Plot the \(\sigma^2\) traceplot

sigma_observed <- var(y - f_XW)
sigma2_global_samples <- extractParameter(bart_model, "sigma2_global")
plot_bounds <- c(
  min(c(sigma2_global_samples, sigma_observed)),
  max(c(sigma2_global_samples, sigma_observed))
)
plot(
  sigma2_global_samples,
  ylim = plot_bounds,
  ylab = "sigma^2",
  xlab = "Sample",
  main = "Global variance parameter"
)
abline(h = sigma_observed, lty = 3, lwd = 3, col = "blue")

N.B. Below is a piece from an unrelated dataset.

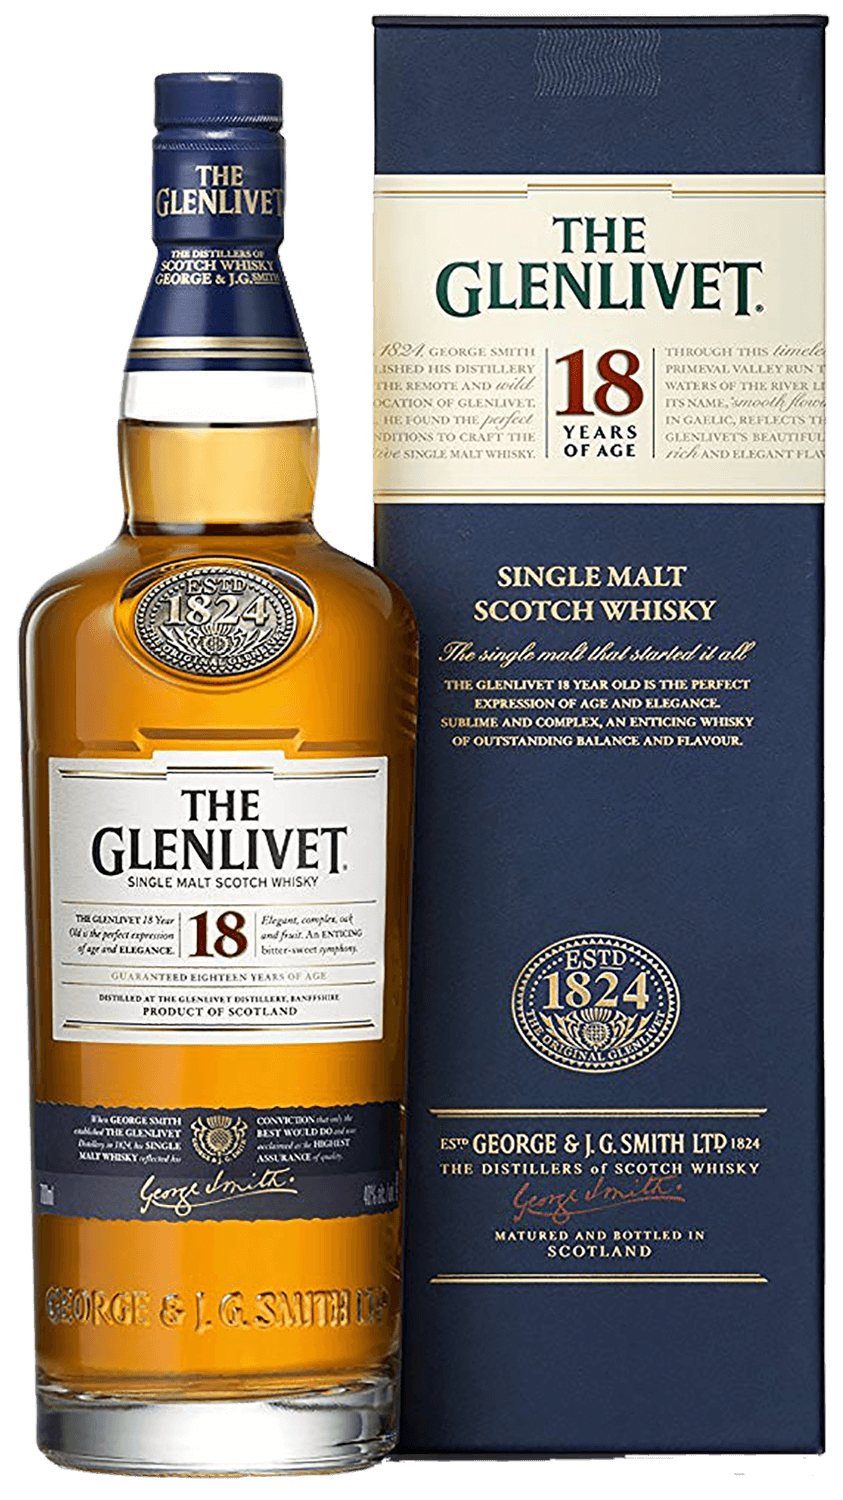 The Glenlivet 18 y.o. single malt scotch whisky (gift box) tomintoul speyside glenlivet peaty tang single malt scotch whisky gift box
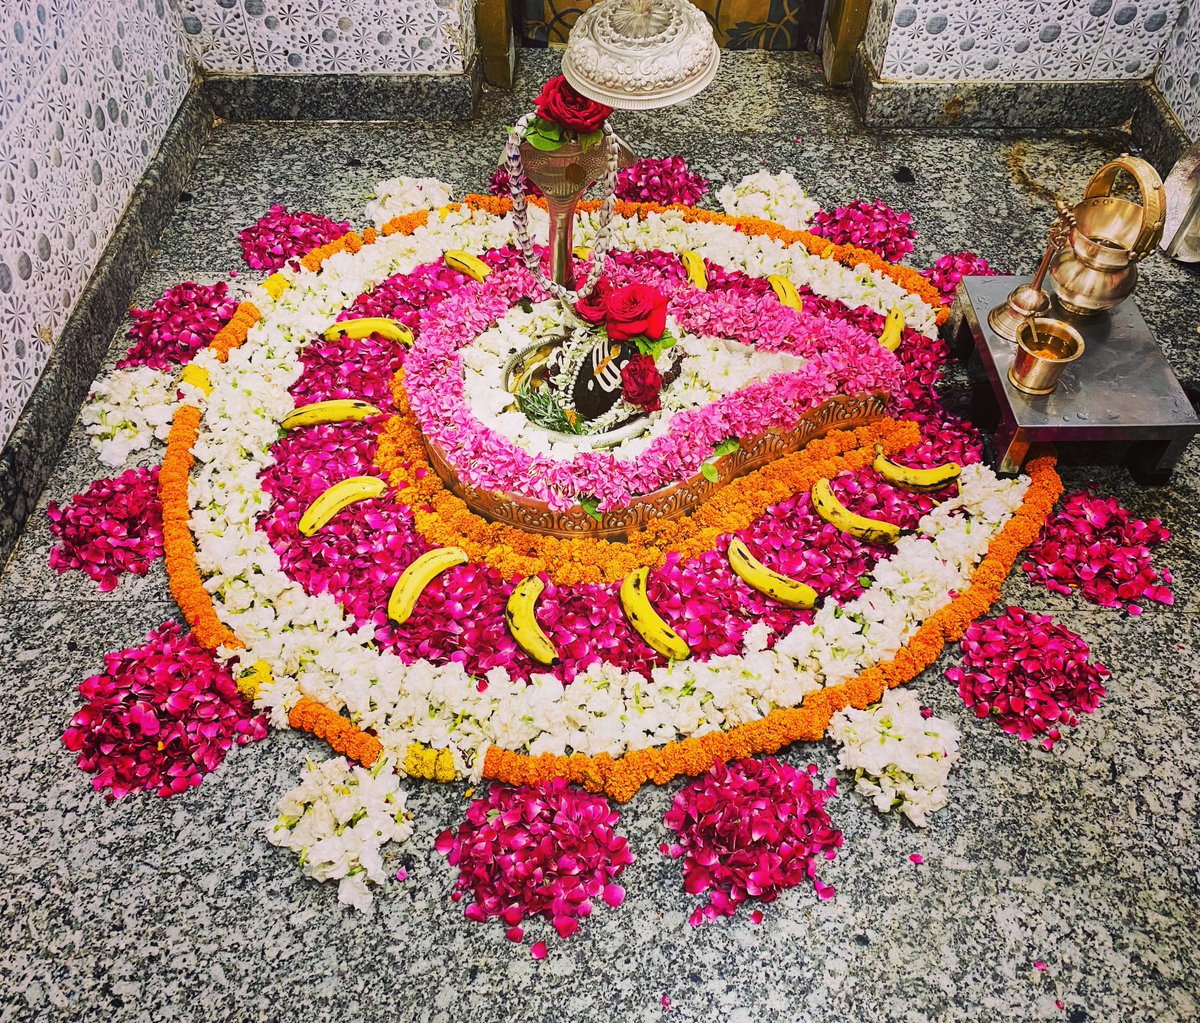 Follow Shri Neelkanth Mahadev temple account

sigma_observed = np.var(y - f_XW)
global_var_samples = bart_model.extract_parameter("sigma2_global")
plt.plot(global_var_samples)
plt.axhline(sigma_observed, color="blue", linestyle="dashed", linewidth=2)
plt.xlabel("Sample")
plt.ylabel(r"$\sigma^2$")
plt.title("Global variance parameter")
plt.show()

References

Chipman, Hugh A., Edward I. George, and Robert E. McCulloch. 2010. BART: Bayesian additive regression trees.” The Annals of Applied Statistics 4 (1): 266–98. https://doi.org/10.1214/09-AOAS285.
He, Jingyu, and P Richard Hahn. 2023. “Stochastic Tree Ensembles for Regularized Nonlinear Regression.” Journal of the American Statistical Association 118 (541): 551–70.